### Task brief
With the pictures omitted, print exactly the lines below, from the one containing "Trevor Taylor riding" through the one containing "Men's Nike Tech", and nothing else.

### Extracted material
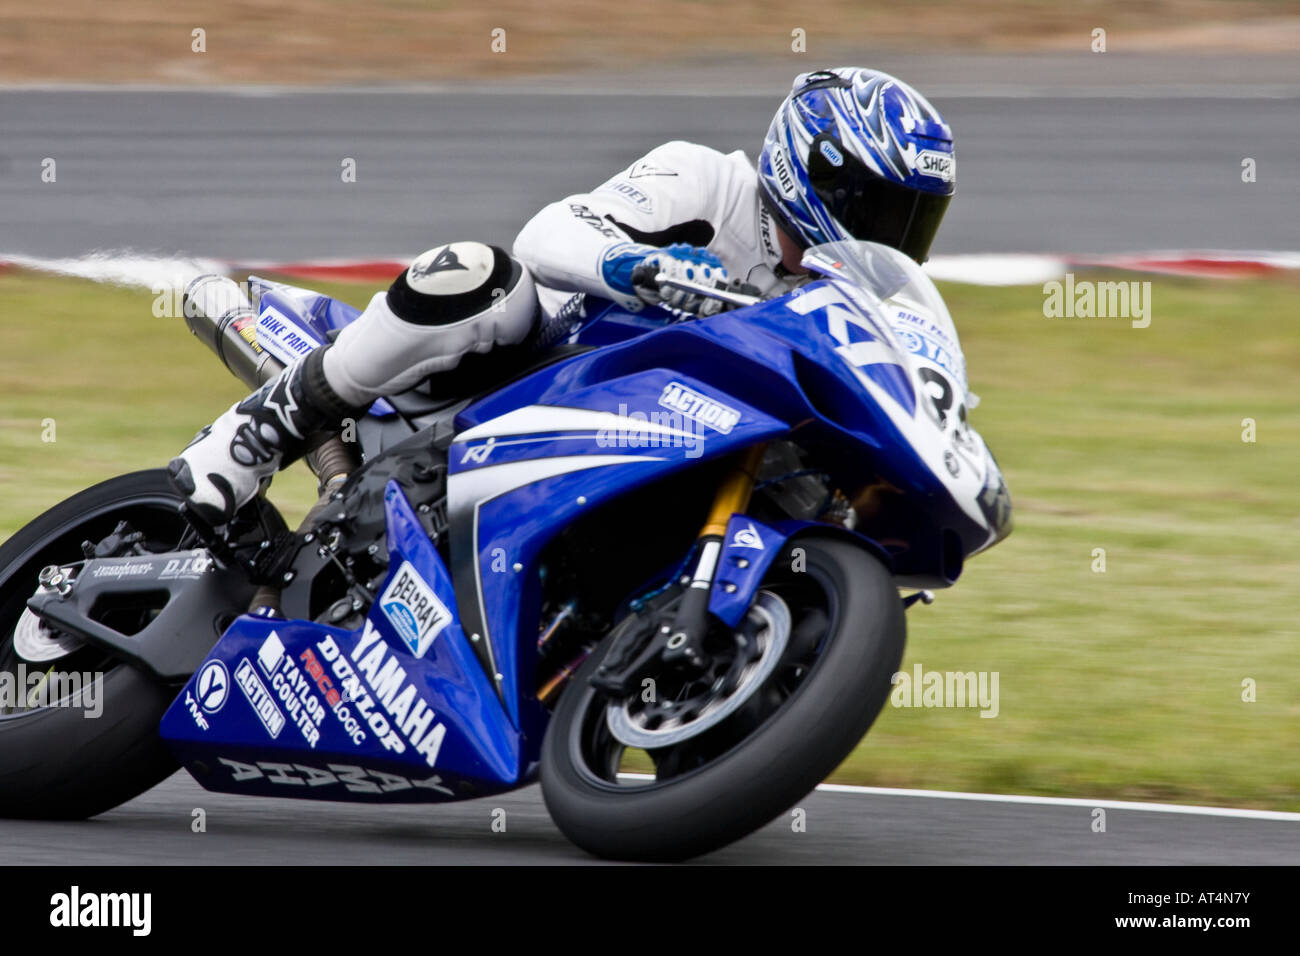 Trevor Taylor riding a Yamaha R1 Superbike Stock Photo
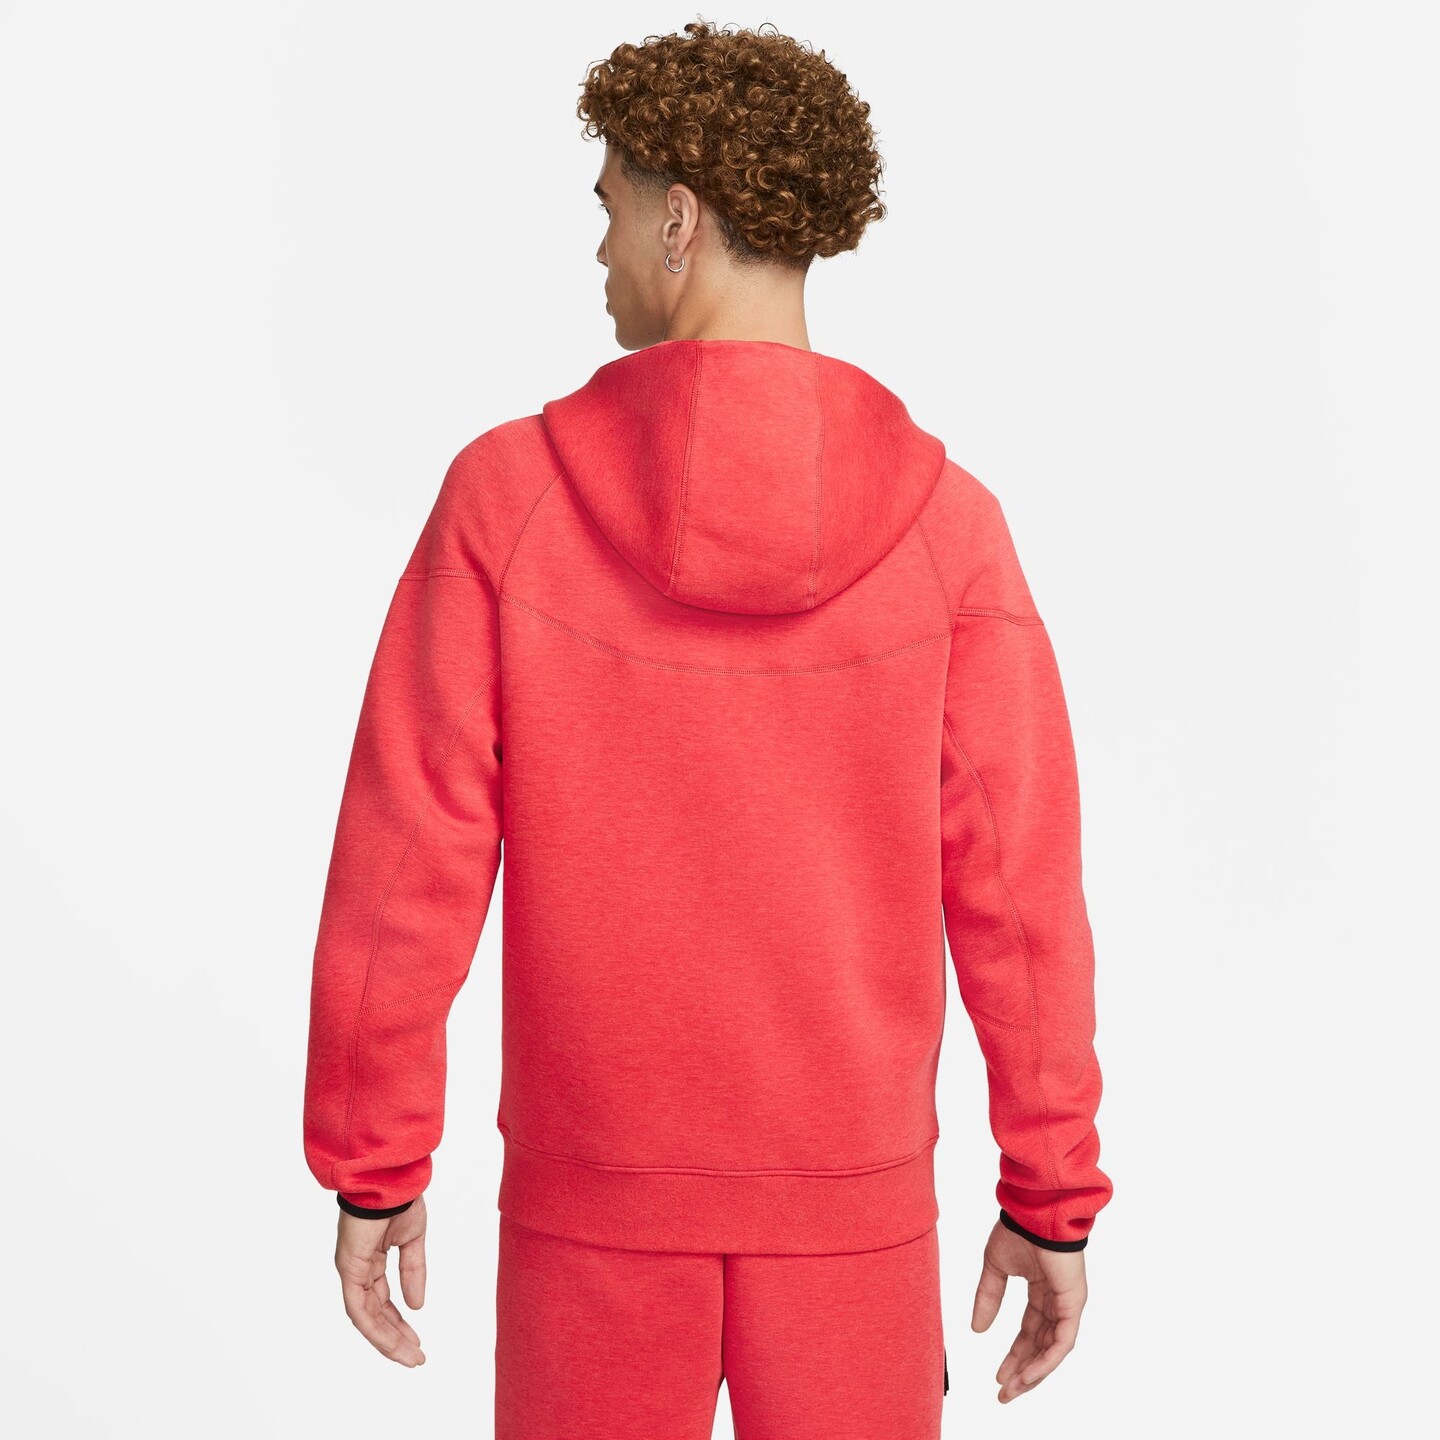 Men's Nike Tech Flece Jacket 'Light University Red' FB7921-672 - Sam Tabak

---

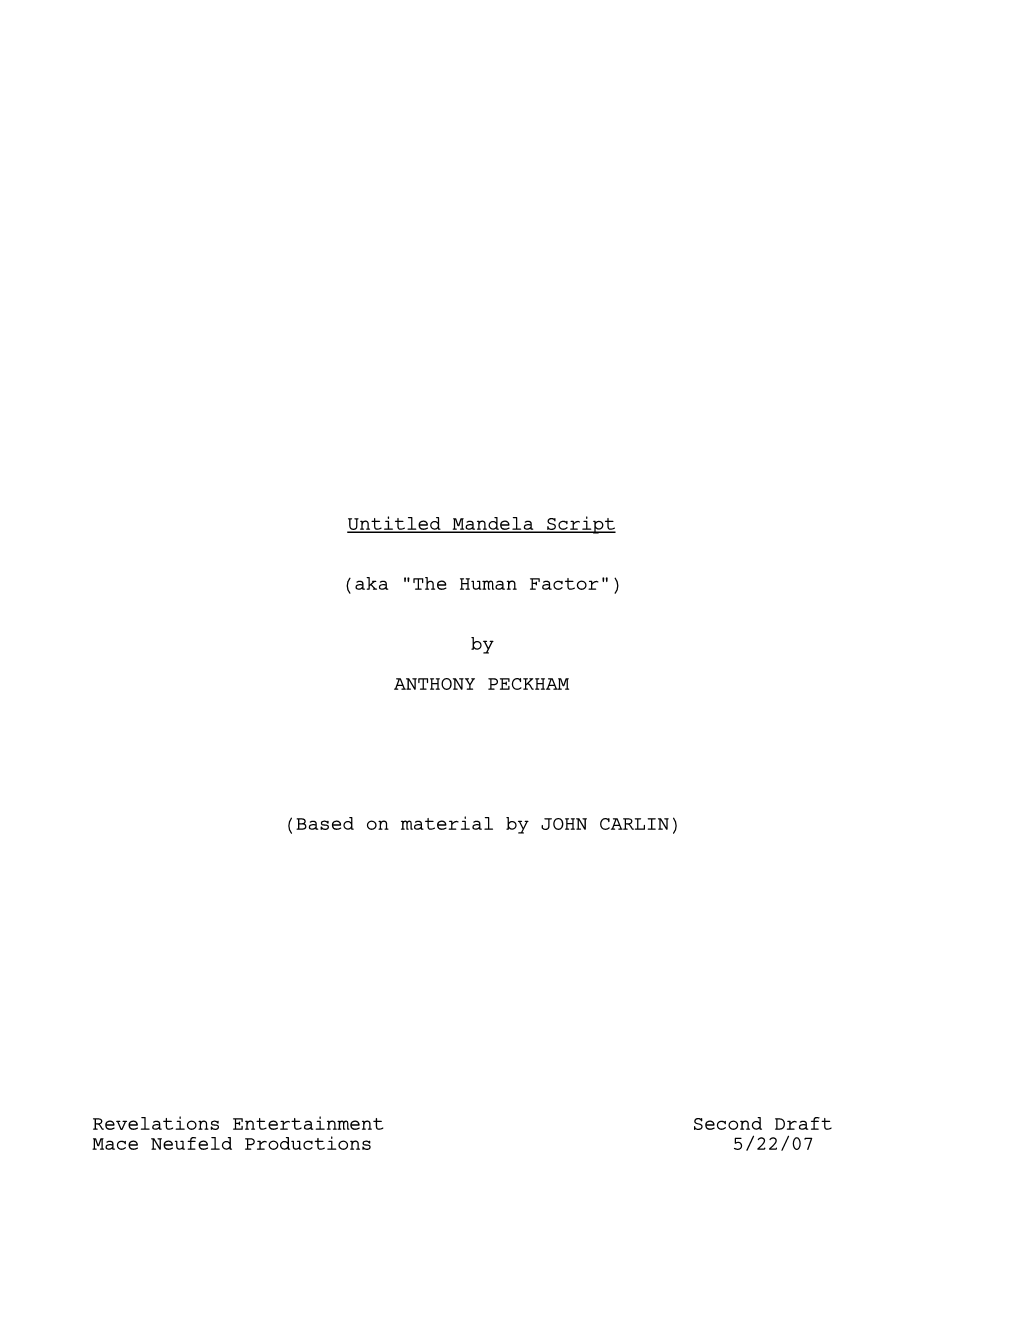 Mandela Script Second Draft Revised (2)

### Written solution
 Trevor Taylor riding a Yamaha R1 Superbike Stock Photo
 Men's Nike Tech Flece Jacket 'Light University Red' FB7921-672 - Sam Tabak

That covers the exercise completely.